> Supplied information

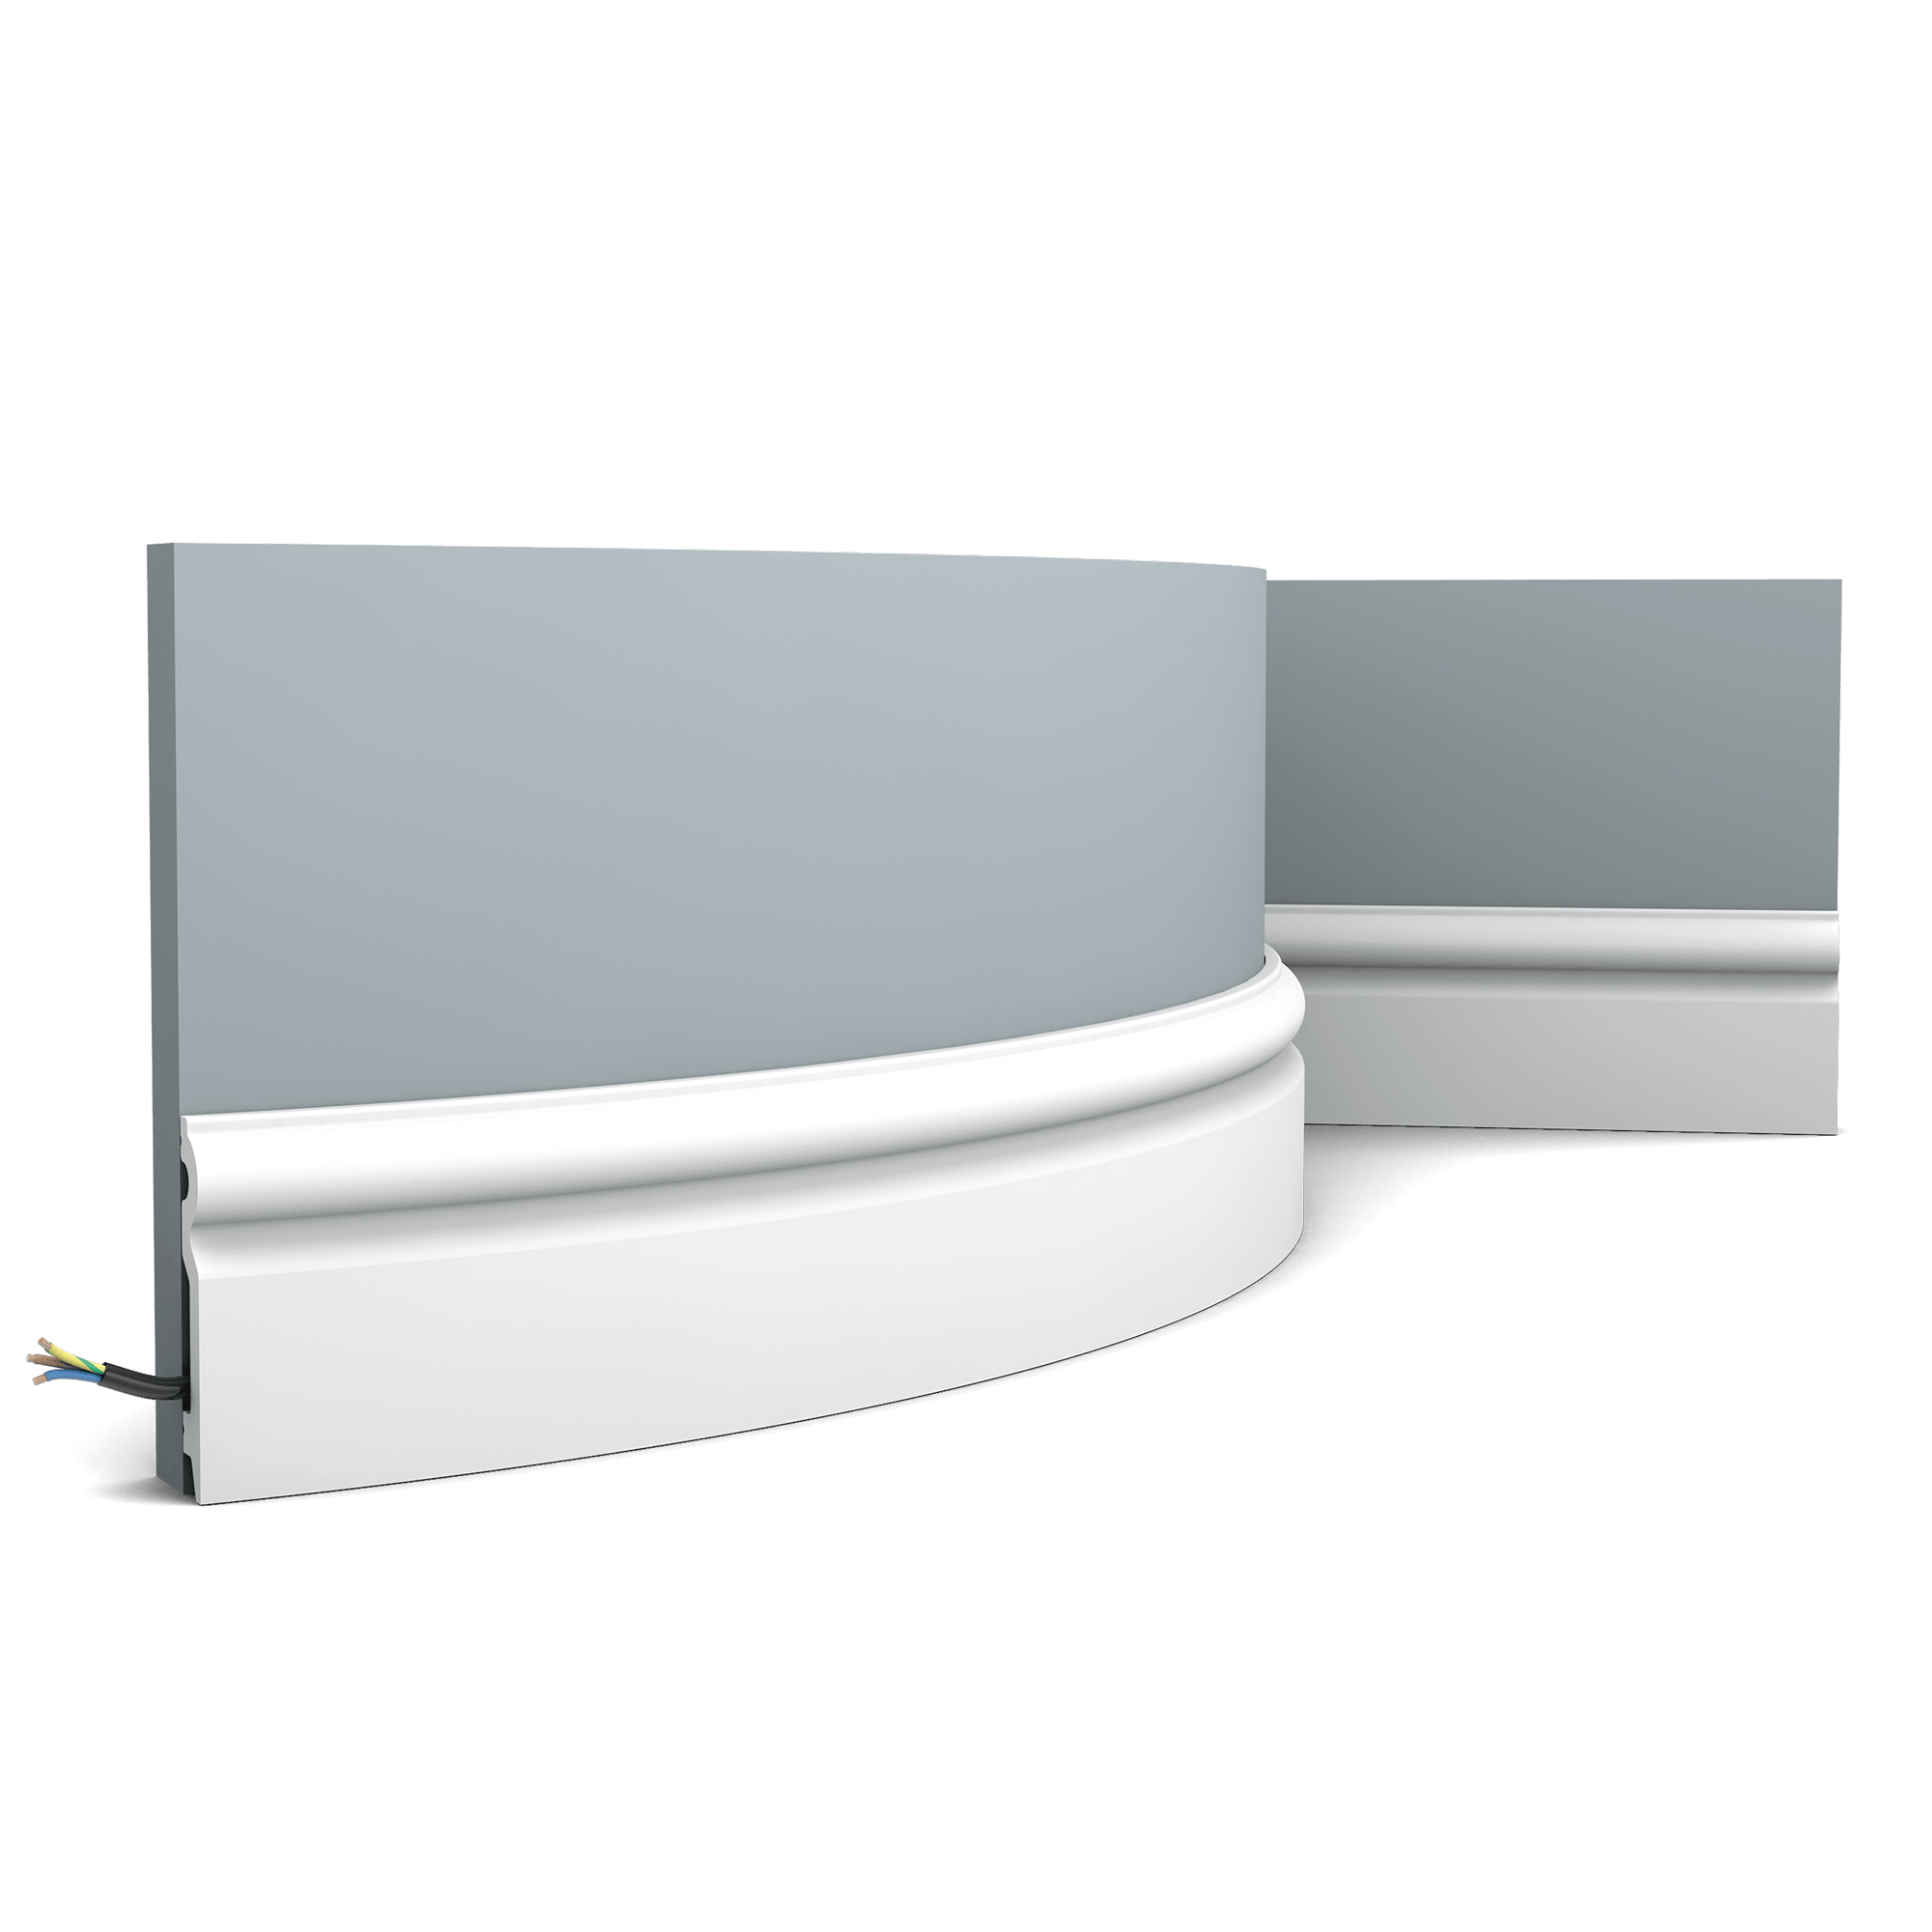 Flexible version of the SX137. This medium-tall, rounded profile provides your wall with an elegant finish. Thanks to its Flex technology, curved walls and surfaces are no problem. Installation remark: It is necessary to screw this profile on the wall. Flex Radius: R min = 40 cm
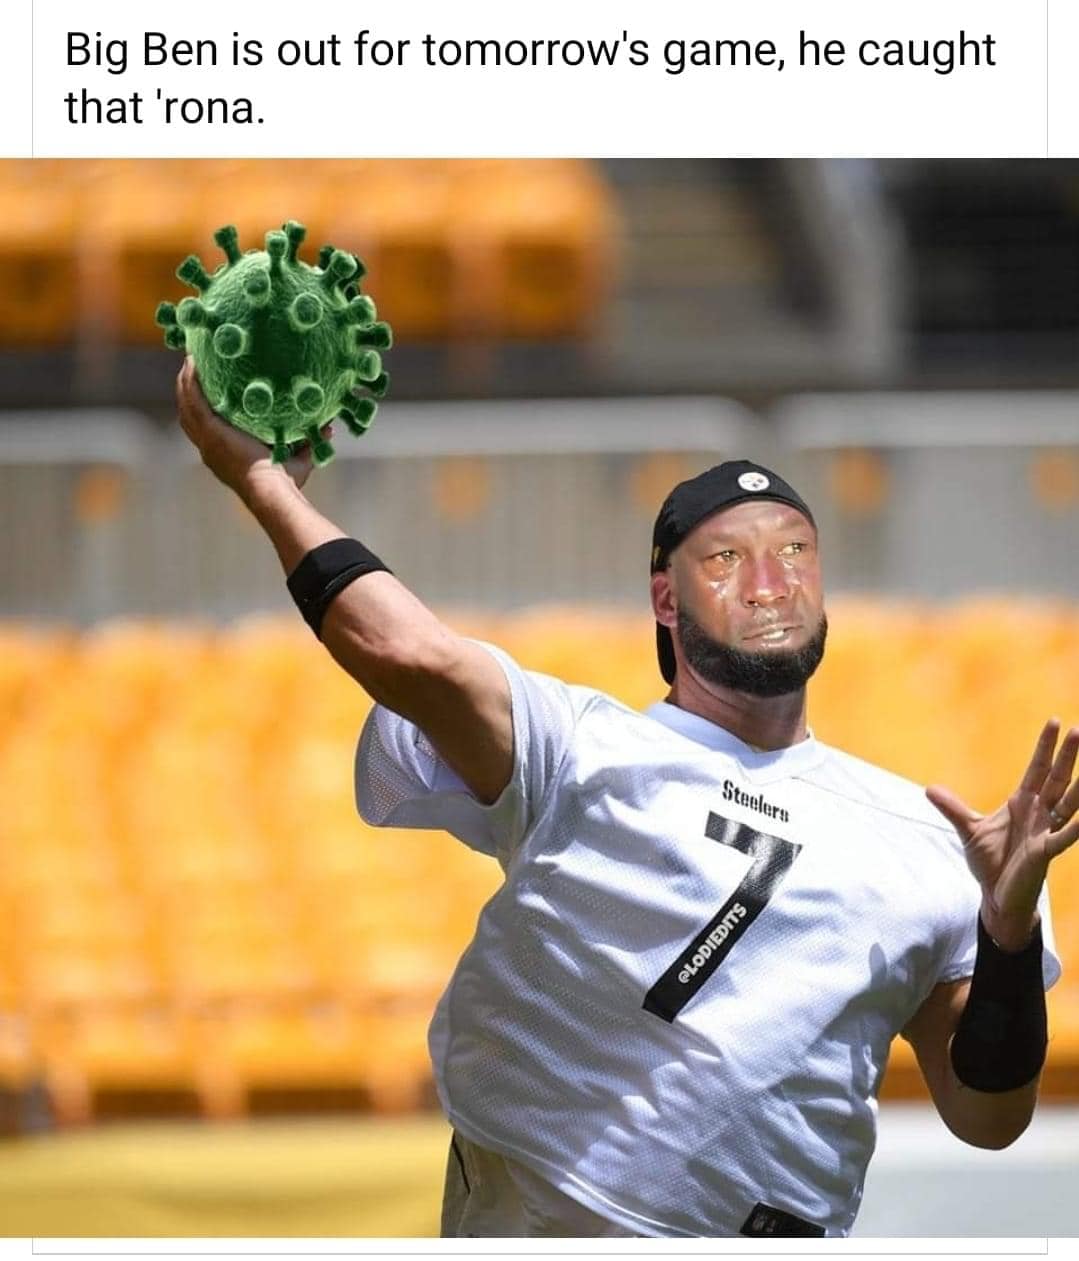 Big Ben is out for tomorrow's game, he caught that 'rona.
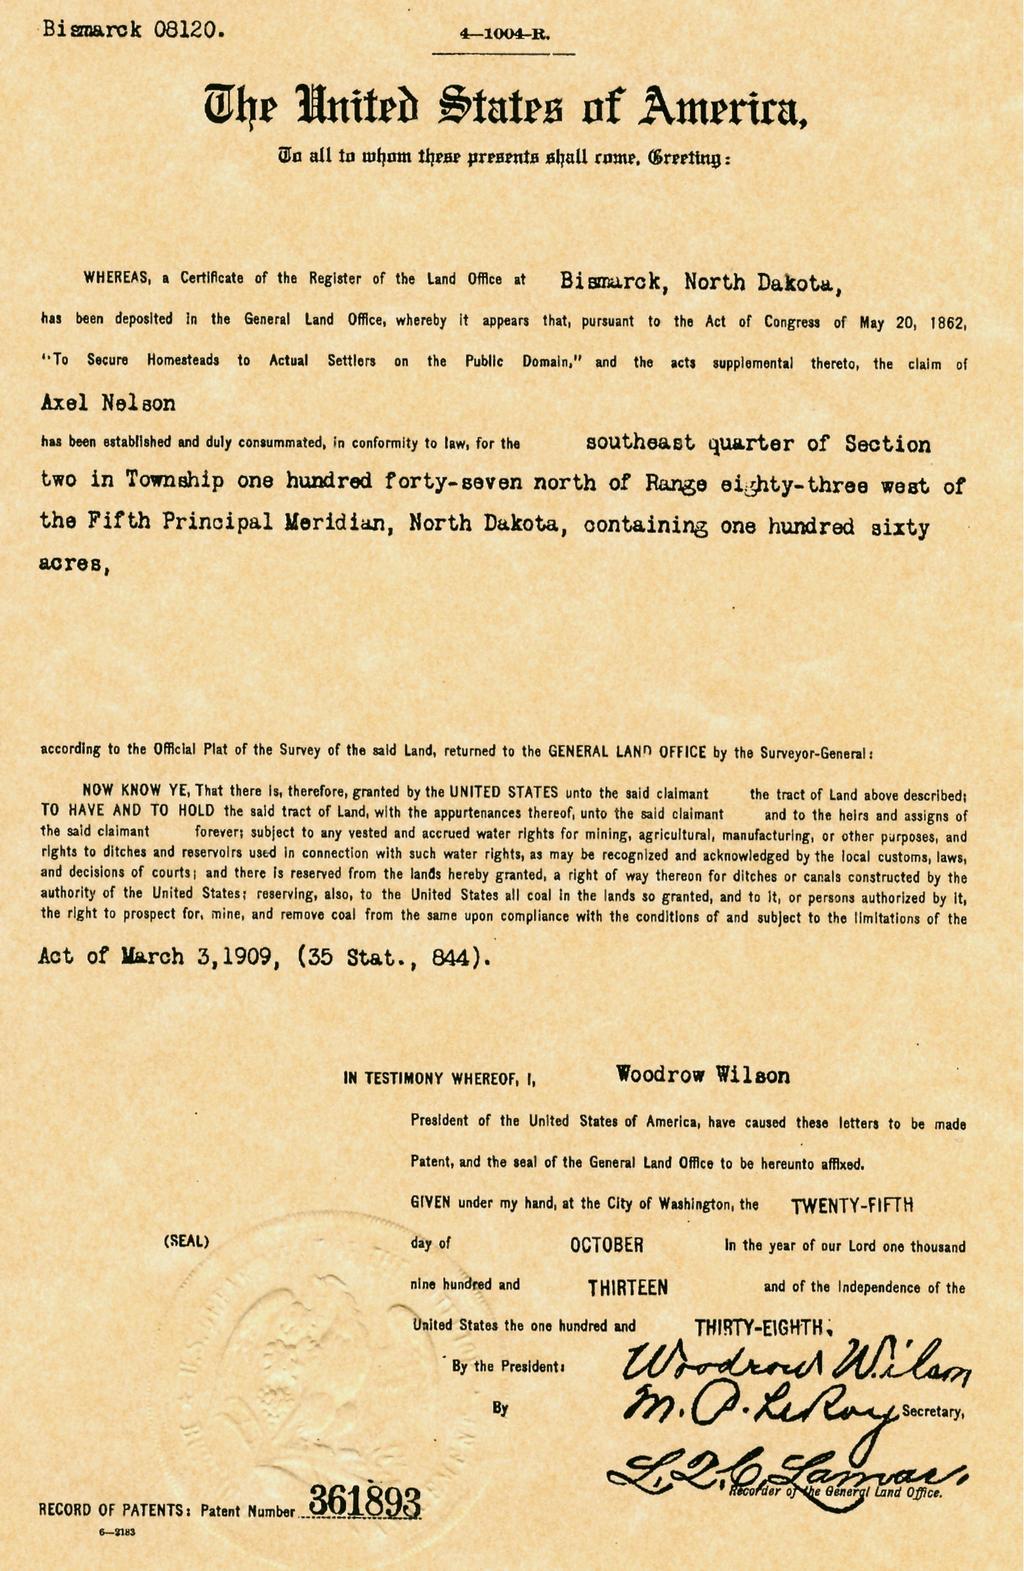 The Land Patent awarded to Axel Nelson on October 25, 1913, signed by United

> Aim of the task
Apart from the pictures, the whole listing should be reproduced exactly.

> Your response
 Flexible version of the SX137. This medium-tall, rounded profile provides your wall with an elegant finish. Thanks to its Flex technology, curved walls and surfaces are no problem. Installation remark: It is necessary to screw this profile on the wall. Flex Radius: R min = 40 cm
 Big Ben is out for tomorrow's game, he caught that 'rona.
 The Land Patent awarded to Axel Nelson on October 25, 1913, signed by United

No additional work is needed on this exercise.